I adopted a 'serious pondering pose' [the one where you rest your forehead on a closed fist] and thought about the different options I could put to the aforementioned 'arty type'.

"Bingo! I got just the place," I shouted jubilantly.

"Where's that then?" asked Sarah hesitantly.

"Haworth Moors. It's got everything; bleak landscape, sheep, snow and it's remote...... let's go."

An hour later, and we were stood on the brow of a hill in the bleak, windy and frozen Haworth Moors. And it soon became apparent that Sarah was not one to suffer for her art. After scaling a snow drift and being outside for ten minutes, I heard her shouting to me as I sat in the car with the heating on, "bloody hell, it's freezing out here, I am not sure how much more I can take."

And so the photography session continued in this vein for a further thirty minutes until Sarah declared, "I can't stand it any longer, I need a coffee."

We proceeded back to the town of Haworth (famous because the Bronte sisters grew up there), and walked down the main street until we finally find a nice looking cafe.

Pic.No.1 Me in nice-looking cafe

Pic.No.2 Sarah in nice-looking cafe recovering from frostbite

Despite the cold, and the whining northerner, it was a great day out and I thought you might like a sneaky peek at some of the pictures we took (her's were obviously better than mine because she is an arty swot).


Vid.No.1. Sarah sneakily videoed me whilst pretending to take a picture of the Christmas tree in Haworth

Pic.No.3. The bleak Haworth Moors

Pic.No.4 Remote road on Haworth Moor

Pic.No.5. Lake on Haworth Moor

Pic.No.6. Looks like this picture was taken in black and white, but it wasn't

Pic.No.7 Everywhere I go, I encounter sheep

Pic.No.8 Everywhere I go, I also have to encounter a sheep attack

Pic.No.9. Sarah in action, not suffering for her art

Pic.No.10 Main street in Haworth

Pic.No.11 Me trying to find Sarah a coffee shop because she was whining

Pic.No.12 Bronte Parsonage where the Bronte's lived

Pic.No.13. Church tower next to Bronte's house

Pic.No.14 Church yard with arty bench

Pic.No.15. Haworth graveyard, prompting the joke; 'this the dead centre of Haworth', and 'people are dying to get in here.'

Pic.No.16. I can't belive that some treehugger actually took the time to write this book. What a load of pap, and if you look closely you can see a picture of a guinea pig on the front which makes it even sadder. Who would want to crystal heal a bloody guinea pig?

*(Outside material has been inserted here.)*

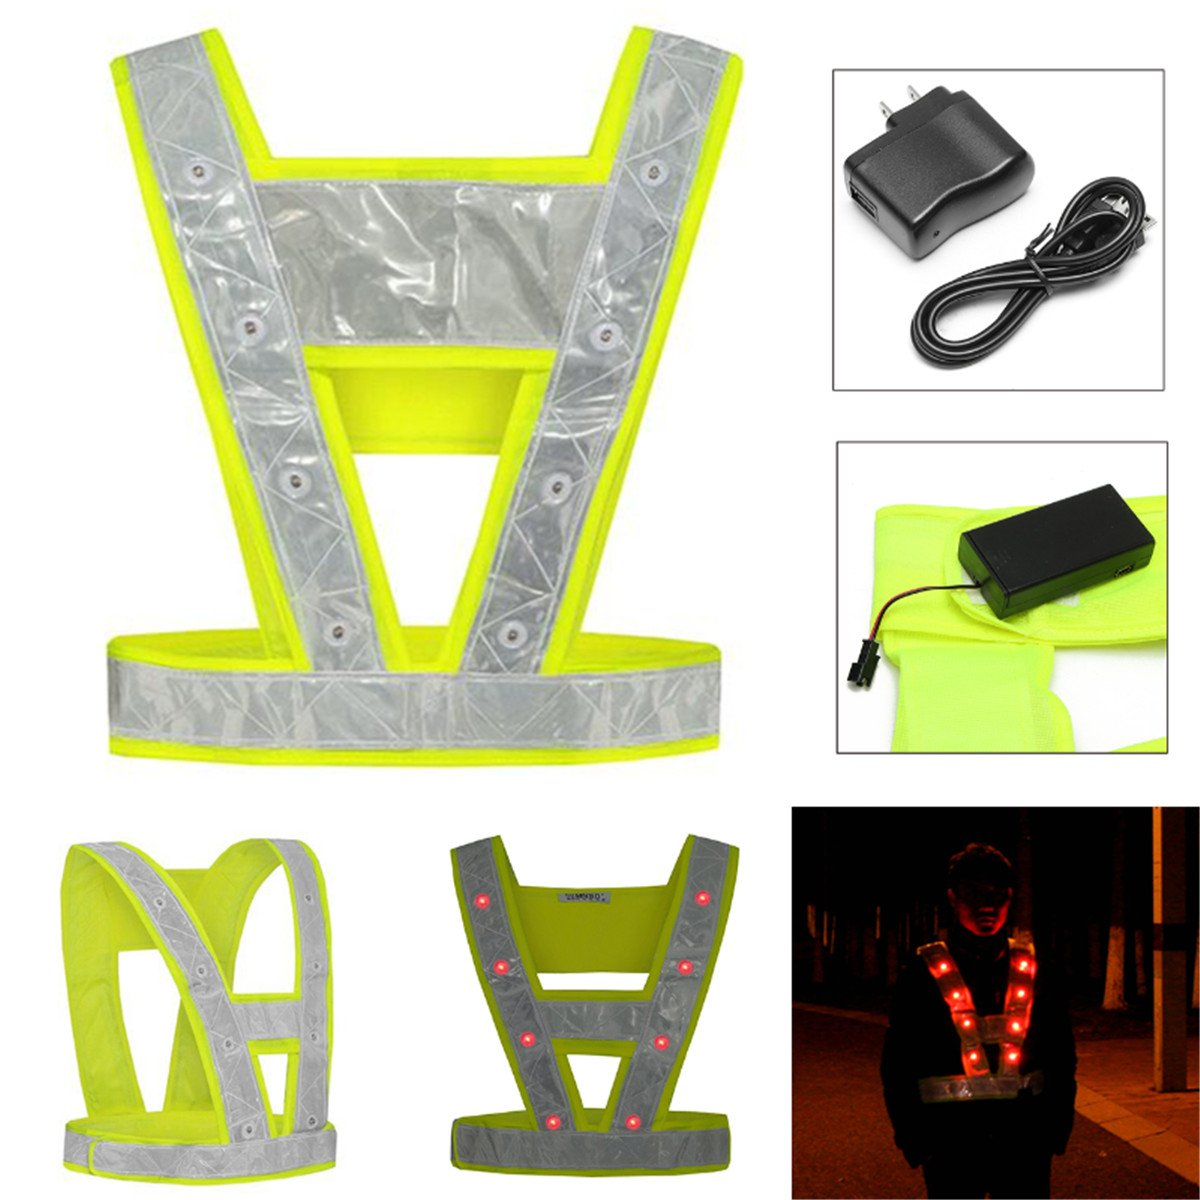 OlogyMart Cycling Running 16 LED Light Up Reflective Stripes Safety Vest High Visibility

Anyway, today is the day after boxing day (despite the late posting) and tomorrow I am back off to the civilised south. I hope you have enjoyed your jaunt up north as much as I have.

Tuesday, 29 December 2009

I've gone AWOL.... it is the iPhone's fault

Sorry. I have just realised that recently, I have totally forgotten about my blog.

Having spent the last two days finishing off my Christmas shopping, a blog-void (a bit like a black hole but without swallowing up spaceships whole) has occurred.

The situation wasn't helped at all by my new guilty secret.......... sssssshhhhhh, don't tell anyone, but I treated myself to a Christmas present (only because my last Nokia 8800 Arte mobile phone got nicked of course) ........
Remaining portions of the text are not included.